Vladimir Kogan No Adults Left Behind: How Politics Hijacks Education and Hurts Kids Cambridge University Press 328 pages, 6 x 9 inches, ISBN 978-1009606318
There is a conundrum built into how we as a society have decided to organize public education. Schools exist to educate children. But public schools are governed through elections in which adults—mostly older adults without school-aged children, it turns out (see Chapter 2!)—are the key decision-makers.
No Adult Left Behind argues that the interests of students and these politically pivotal adults are often misaligned. Across nine chapters, it documents the various mechanisms through which such misalignment has introduced perverse incentives, causes dysfunction in our K–12 education system, and ultimately harms student learning.
Because our governance system is designed to respond to and prioritize the interests of adults, the issues most salient and visible education policy debates focus on—identity politics, partisanship, employment and contracting, property values—have little to do with how well schools are actually educating students.
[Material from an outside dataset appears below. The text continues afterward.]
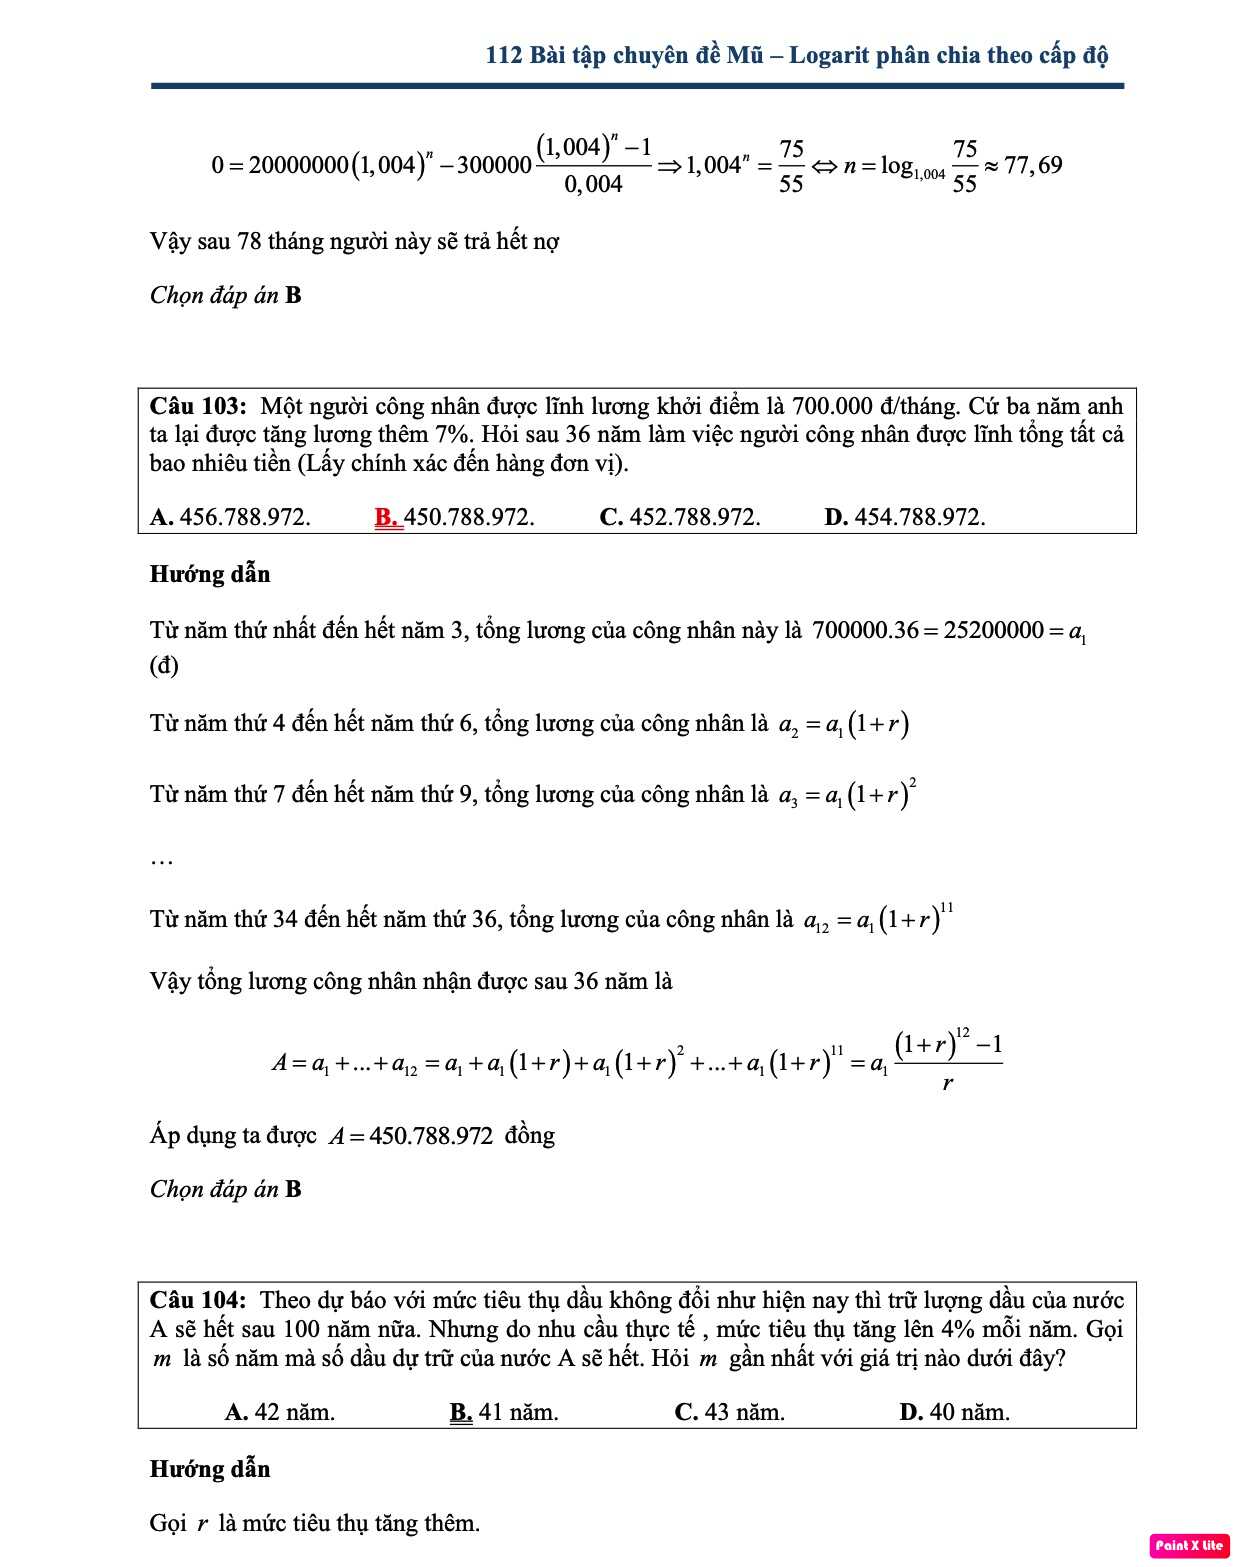 Bài tập trắc nghiệm về hàm số mũ và logarit

I’ve been interested in education, and attending school board meetings, for more than half of my life. I began in high school when, as editor of my high school newspaper, I decided it was important to see what the local school board was doing. This was right after the federal No Child Left Behind Act was passed and I still remember a board meeting where everyone panicked about how they were going to achieve 100% proficiency in math and reading by 2014, as the law required. (Needless to say, that goal was never reached.)
After college, I wrote for the Voice of San Diego, the first online-only, nonprofit journalism organization that focused on local issues. My beat was the San Diego Unified School District.
And over the past 10 years, I have worked with colleagues to collect the most comprehensive data on local school elections available, thanks to generous support from the Spencer Foundation.
Although I didn’t set out to write a book on education, eventually I saw too many important themes that no one was talking about. No one fully explained why the dysfunction and complaints that have been made about public education are essentially hardwired into how schools are governed. No one has pointed out that our system is effectively “gerrymandered” to serve mobilized and self-interested adults, even at the expense of students and their learning.
Education scholarship, I’m sad to say, is one of the biggest offenders. Many scholars seem to start with the premise that the current system is optimal and their job is to defend it. They use “democracy” as a trump card to criticize reforms that truly move the needle on academic achievement and attainment and transform kids’ lives for the better. Other academics focus on fringe theories—writing hundreds of pages of impenetrable prose about “neoliberalism” and other “isms”—that have almost nothing to do with the real world.
No Adult Left Behind, I hope, is an antidote to these pathologies. It brings together what we’ve learned in our research and provides a clear and compelling overview of what’s gone wrong and offers some modest ideas for how we can do better.
If someone was just browsing, I would encourage them to start with the first sentence of the first chapter: “June 7, 2023, was the day a group of homophobic Armenians from Glendale, California, almost got me canceled.”
If that doesn’t whet your appetite, I don’t know what will! And I don’t know of any other academic book that starts this way.
The opening section tells the story of a huge controversy in Glendale about the local school district’s decision to fly the gay pride flag during Pride Month, and why I think the controversy illustrates everything that is wrong with how we adults approach public education.
The first chapter ends with another cancellation—of a local Columbus school board member named James Ragland. He was accused (unfairly, in my view) of making a misogynist post on Facebook. In reality, the local teachers’ union long had knives out for him and took advantage of this post to destroy his reputation and his political future. They convinced the local Democratic Party to not endorse him when he ran for re-election, and he ended up losing in a landslide.
Here is how the first chapter ends: “This book is not about what happened to James Ragland, but rather what his defeat symbolizes. It is about the roles of teachers’ unions, political parties, identity commitments, and the media all play in influencing what schools do. It is about how local democracy actually works in practice—not in some idealized Nirvana—and how politics shapes our education system and its ability to effectively serve our kids.”
It doesn’t matter to me whether people agree with me or not. I just want them to read the book, take my arguments seriously, and truly think about them.
One of the people who blurbed my book is a retired professor at Columbia University. Here is what he said: “Some of the books I’ve most valued are those that rankled and perturbed me because they challenged my presumptions and led me to sharpen my thinking and arguments. While there’s much here with which I disagree, No Adult Left Behind is stimulating, forceful and too important to ignore.”
He said he was a little worried I would be offended, but I was absolutely over the moon! I couldn’t think of a response that better demonstrates exactly what I want the book to accomplish.